Don't worry fam, I got you.

https://lwn.net/ml/fedora-devel/03fbbb9a-7e74-fc49-c663-3272...

Source via: https://news.ycombinator.com/item?id=30443761

devsda · 2025-02-19T14:40:02 1739976002

Not sure what the take away is from their experience.

Is it

1. Consumer grade/crappy SSDs are still reliable enough at scale and rarely fail that it is easier to manage occasional failures ?

2. The cost of engineering effort to keep things together with crappy ssds failing often is less compared to the expensive enterprise grade hardware ?

Or is it something else ?

pjc50 · 2025-02-19T15:04:03 1739977443

Once you build a distributed system that's large, it has to tolerate routine node failures.

Once you have a fault tolerant system, and some idea of failure rates, you can then ask "is it worth having X units of less reliable hardware or Y units of more reliable hardware? How many will still be running after a year?"

You then find out that buying a few more cheap nodes compensates completely for the lower reliability.

nine_k · 2025-02-19T15:49:53 1739980193

One more step, and it will conjoin with Erlang's "Let it crash" approach.

snailmailstare · 2025-02-19T17:41:57 1739986917

This thread seems overly complex given that an engineer tasked with designing a RAID storage to replace an unplanned haberdashery would probably start with looking up what the requested acronym stands for.

ahartmetz · 2025-02-19T17:12:22 1739985142

> use the crappiest SSDs they can buy

That might be a bad idea, from personal experience. I bought a cheap SSD from a reputable vendor (Crucial) to upgrade someone's old laptop. Sometimes (10-20% of the time?), the laptop boots about as slowly (or worse) as with a mechanical HDD. The SSD is a model entirely without RAM cache, which seems to cause some really bad performance cliffs.

nine_k · 2025-02-19T18:41:09 1739990469

This is because you're missing the key tenet: massive parallelism. This works when you have 1000 drives, with significant data redundancy distributed among them. If two of them fail, and one of them is so slow that it can also be considered failed, it's not a big deal, you still have 997 adequately performing drives, and the system can easily handle the loss of 0.3% of the capacity.

If you only have one drive, try to make it as good as you can afford.

snailmailstare · 2025-02-20T11:51:10 1740052270

RAID expects non deterministic bad behaviors. A group of these drives receiving the same pattern of block accesses could exhibit the same behavior at the same time depending on how they were designed.. Similarly, I think it is usually done with the expectation of something worth treating as an irreversible failure, some RAIDs may perform at their worst for read when there is a slow response from a drive that isn't known to be bad, optimizing them to compete by always racing the correction with the last response would be inefficient if they weren't designed specifically for this defect.

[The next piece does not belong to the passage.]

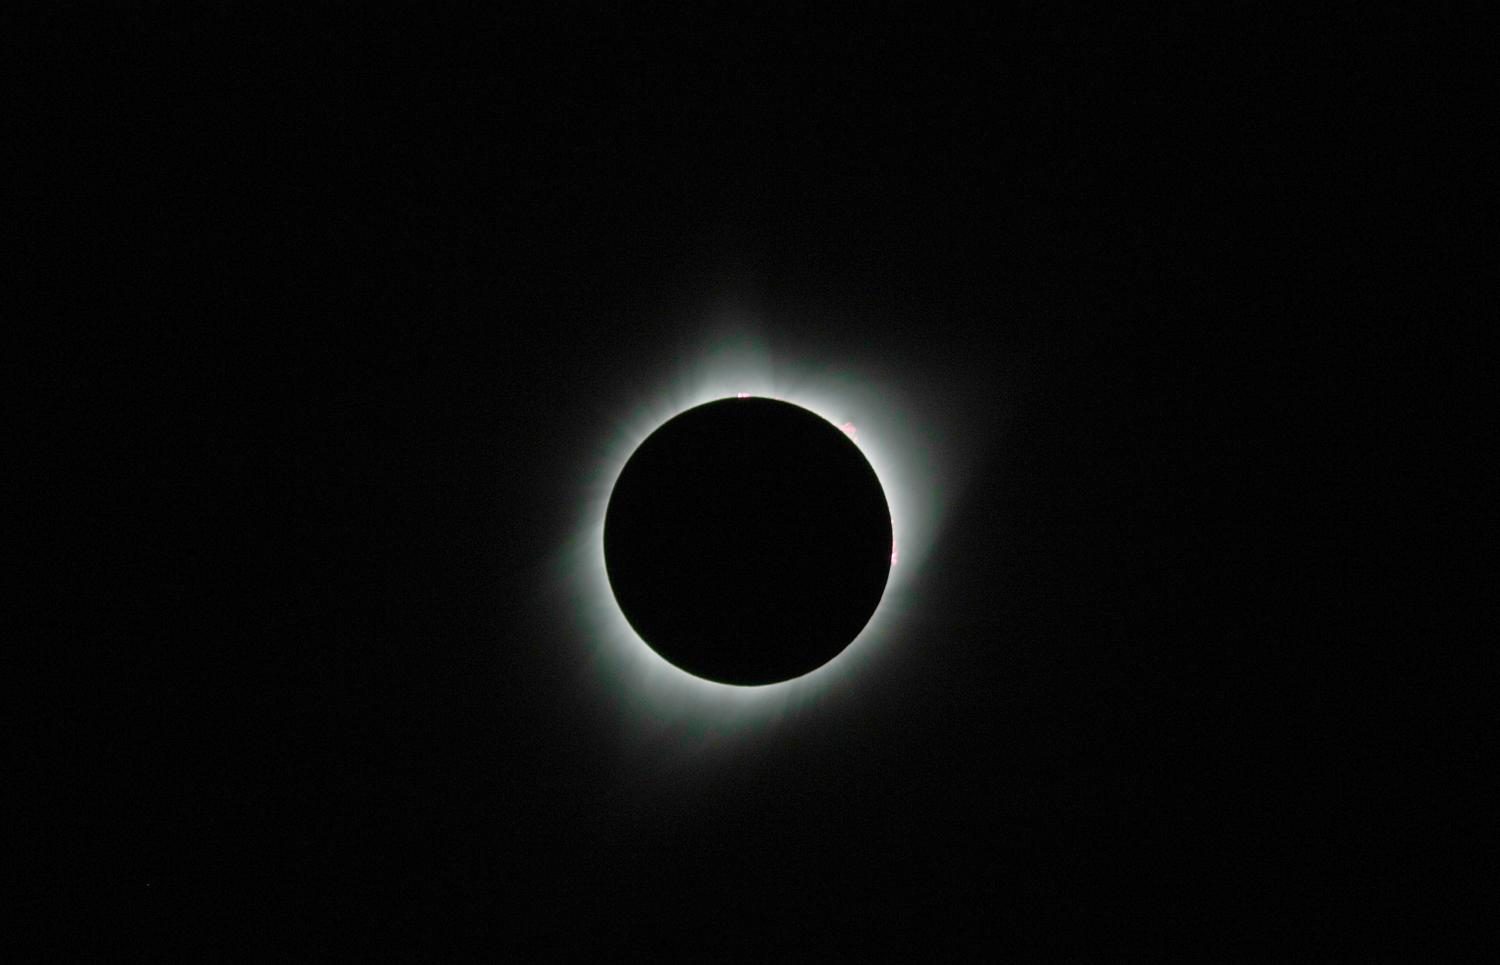 A picture showing an image of the eclipse that occured on Aug. 21 by Bakersfield College astronomy professor, Nick Strobel.

throwaway48476 · 2025-02-19T13:57:47 1739973467

Idle spinning hard drives consumes multiple times that of idle SSDs. Over the life of the drive this becomes significant as well.

justinclift · 2025-02-20T04:05:31 1740024331

> idle SSDs

Bearing in mind that SSDs used in data centres (at least used to) not have much in the way of low power idlying mode like consumer grade SSDs do (due to laptop requirements).

throwaway48476 · 2025-02-20T11:20:08 1740050408

Data center SSDs quote idle power much lower than active power, and lower than HDD too. Data centers care plenty about power consumption.

justinclift · 2025-02-20T12:47:41 1740055661

Good. The stuff I still deal with (older generation SAS2/3 gear) isn't that way. ;)

crabbone · 2025-02-19T13:48:18 1739972898

Here, adding more axes to consider:

In enterprise settings, what you are likely to be interested in is how easy it is to recover a RAID with a failing member. Now, here's an interesting part: the larger the disk participating in the RAID, the more is recovery susceptible to failures of the disk controller. It's possible that the failure rate on the controller is so high that whenever you are trying to recover the data, you will have a very high (>50%) chance of introducing an error... and so a RAID virtually becomes unrecoverable. SATA controllers are in that later category (and that's partially why enterprise users preferred SAS before NVMe + PCIe became a thing).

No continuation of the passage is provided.